_INPUT DATA_:

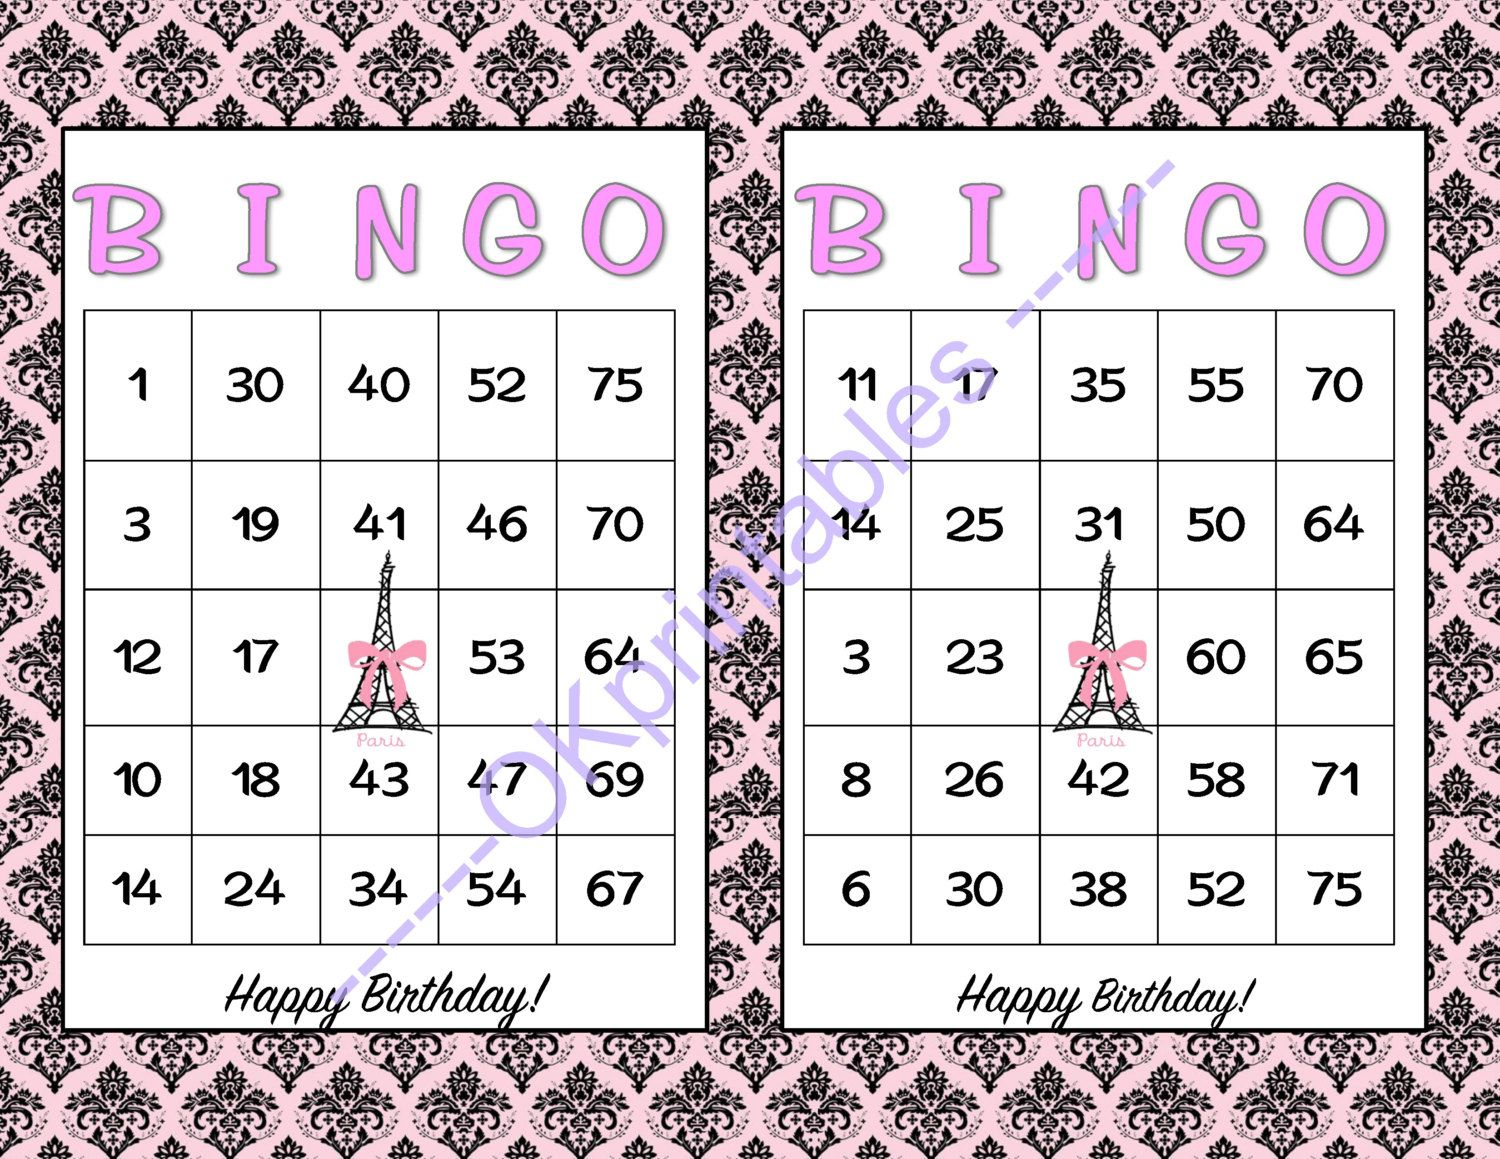 60 Happy Birthday Parisian Party Bingo Cards - Printable
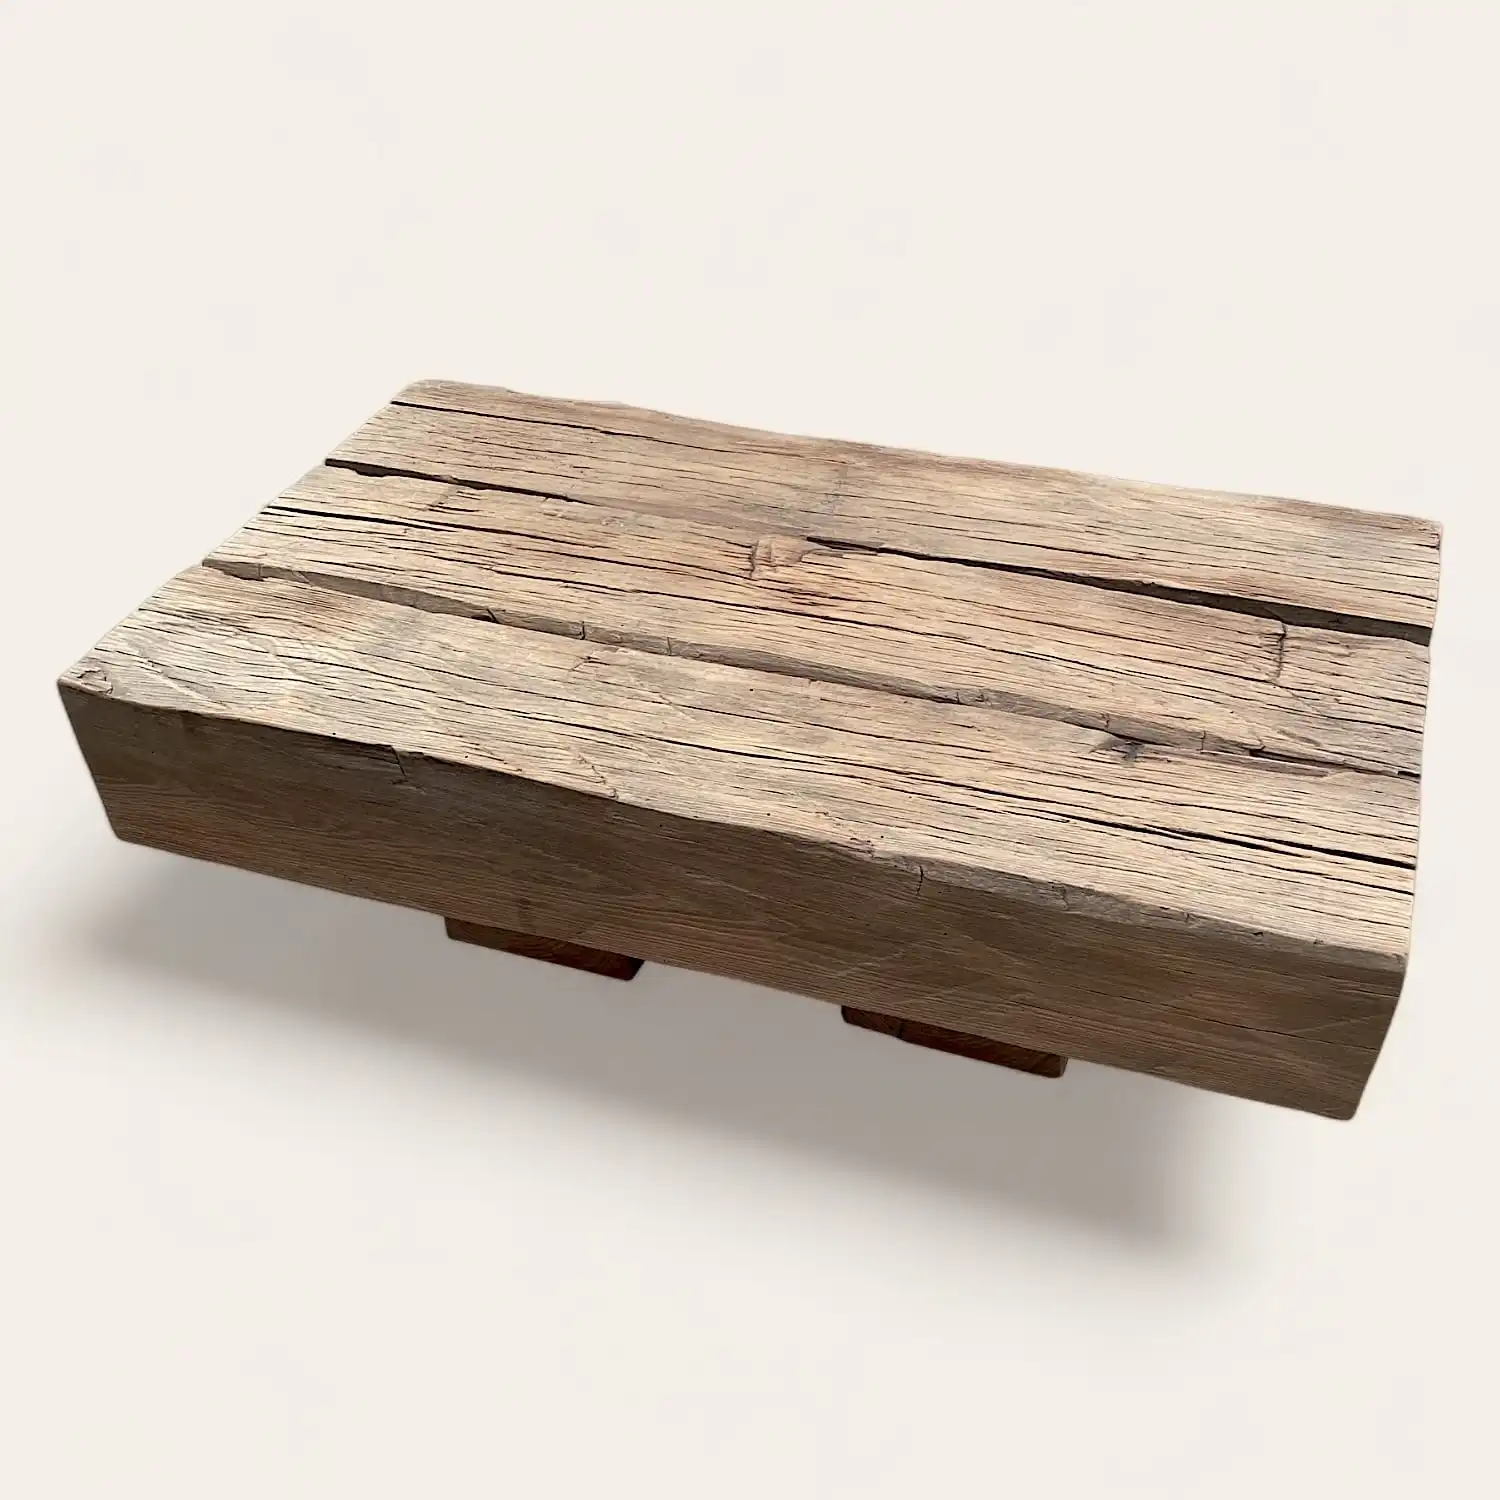  Une table basse rustique en bois fabriquée à partir de bois récupéré. 
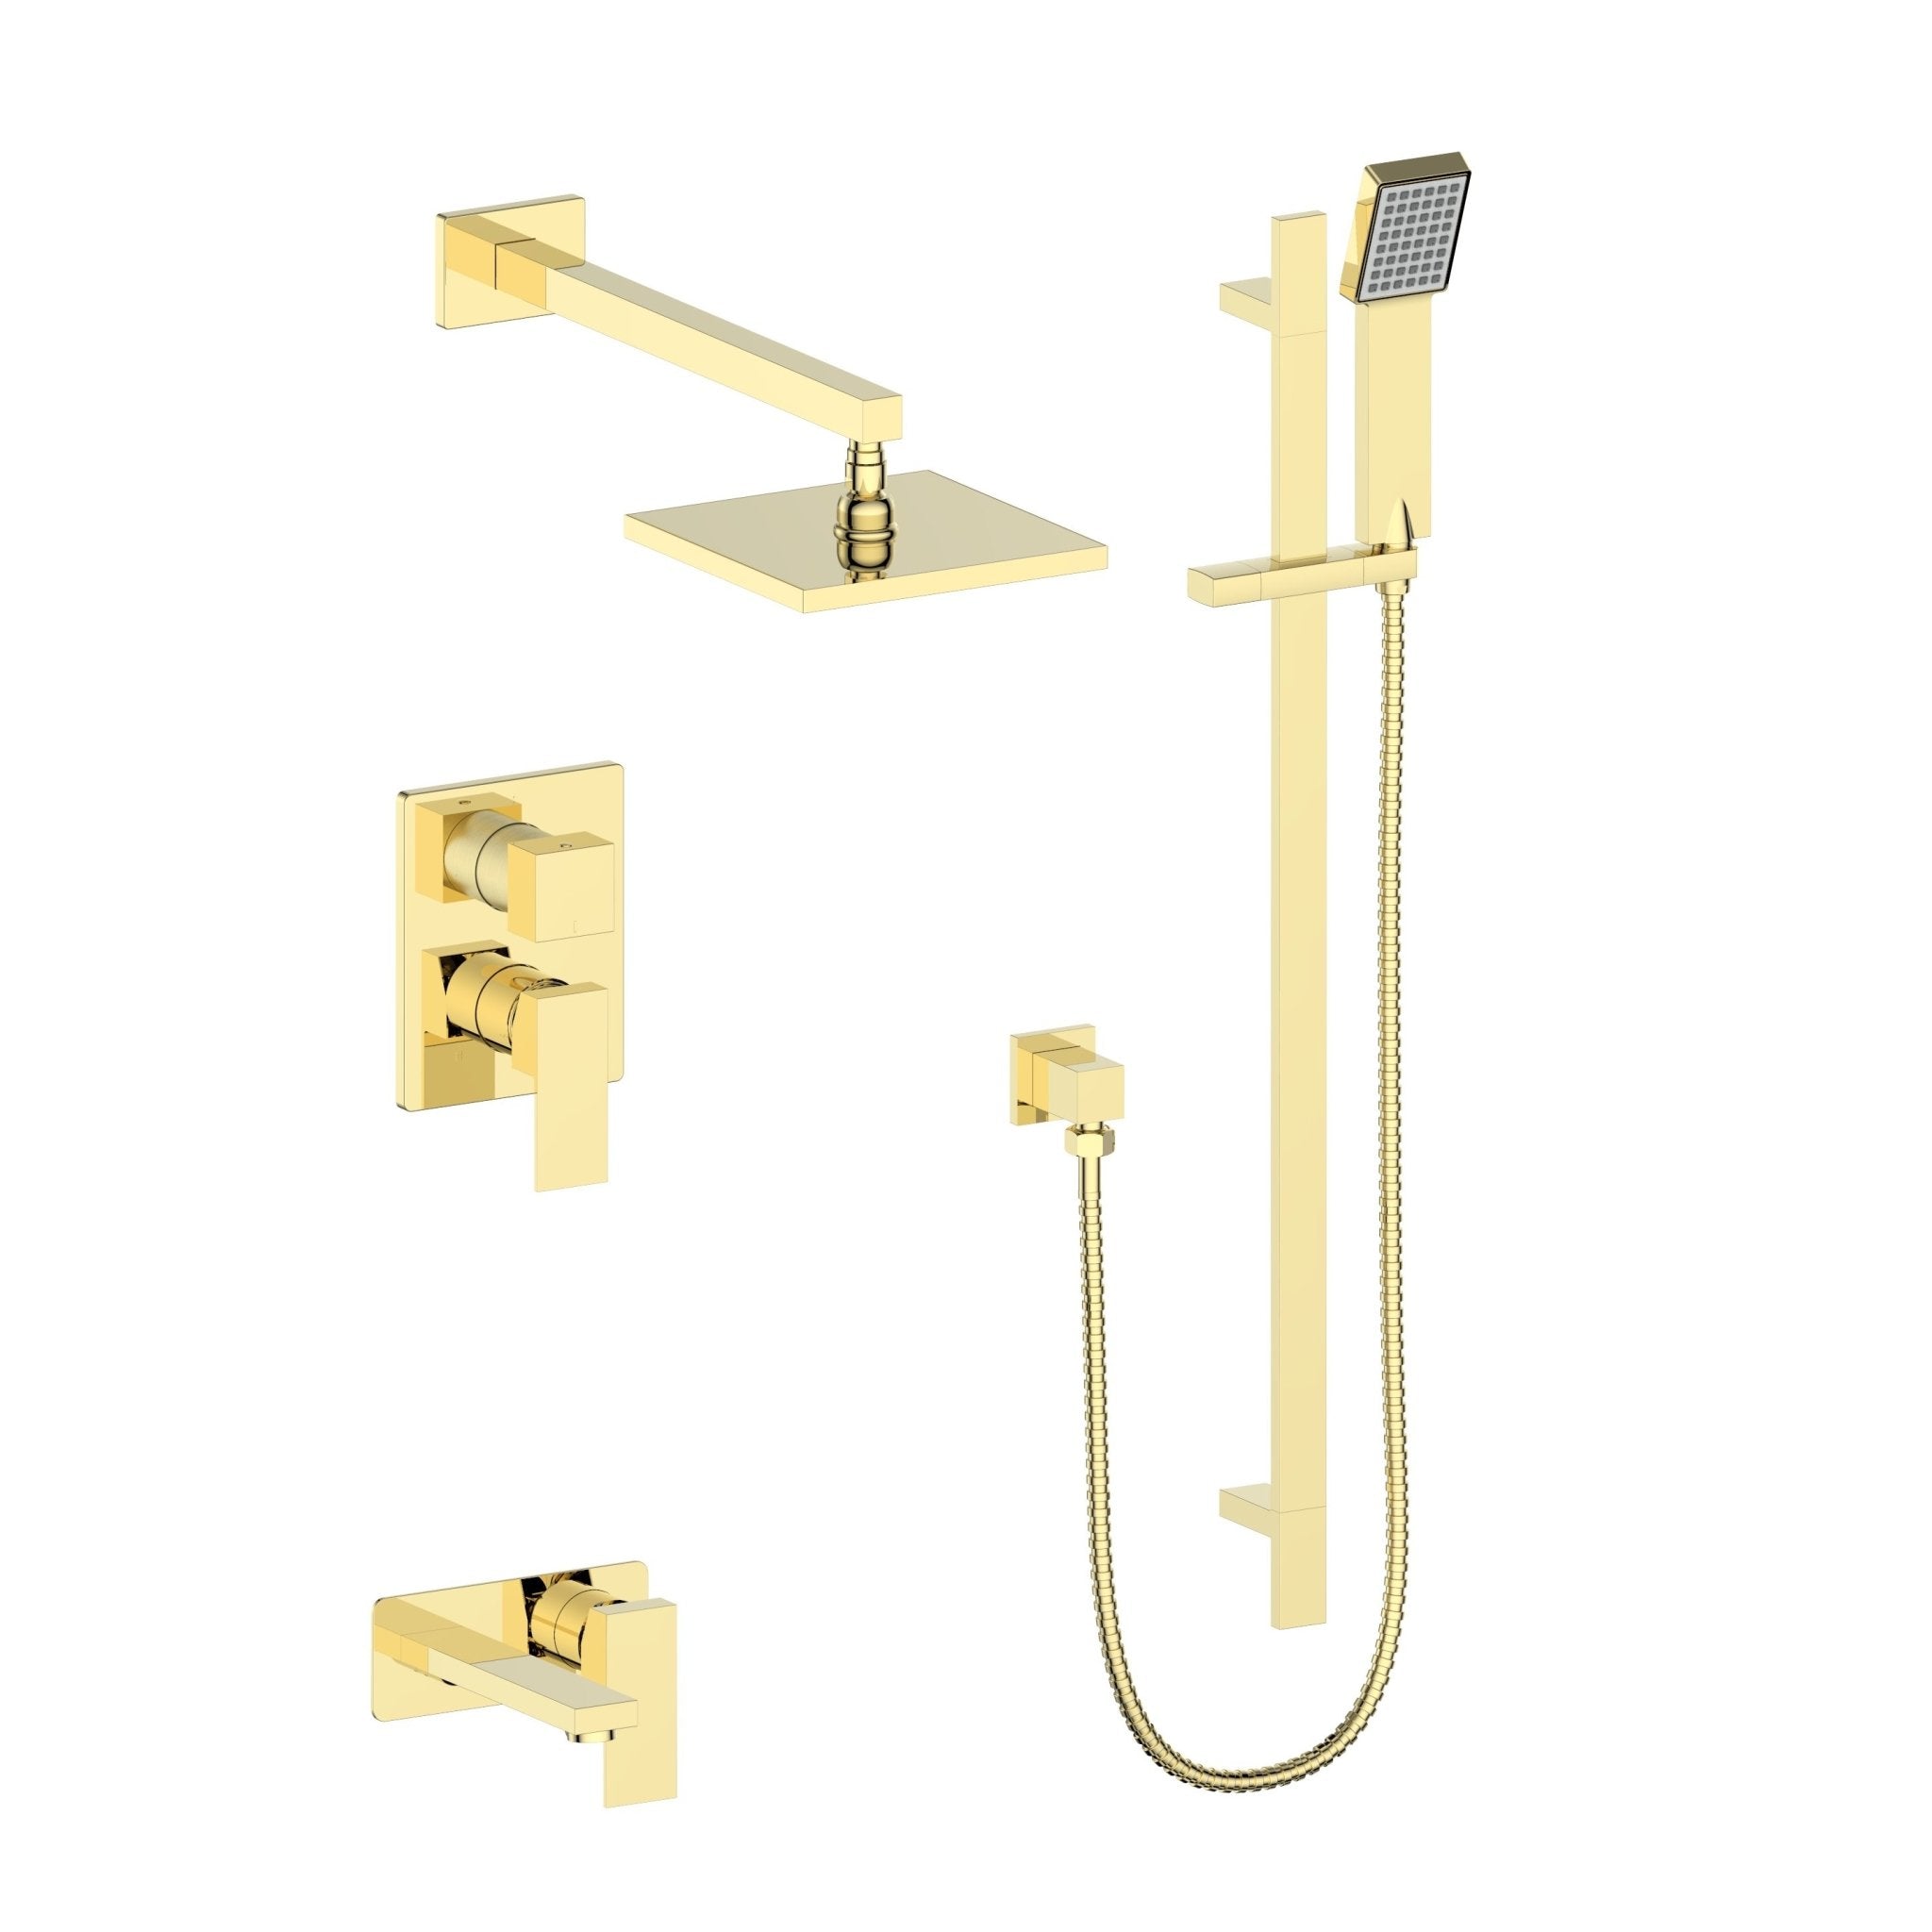 ZLINE Bliss Shower System (BLS-SHS) in polished gold

_TASK STATEMENT_:
Transcribe the listing above in full and exactly; no pictures belong in the copy.

_SOLUTION TO THIS TASK_:
 60 Happy Birthday Parisian Party Bingo Cards - Printable
  Une table basse rustique en bois fabriquée à partir de bois récupéré. 
 ZLINE Bliss Shower System (BLS-SHS) in polished gold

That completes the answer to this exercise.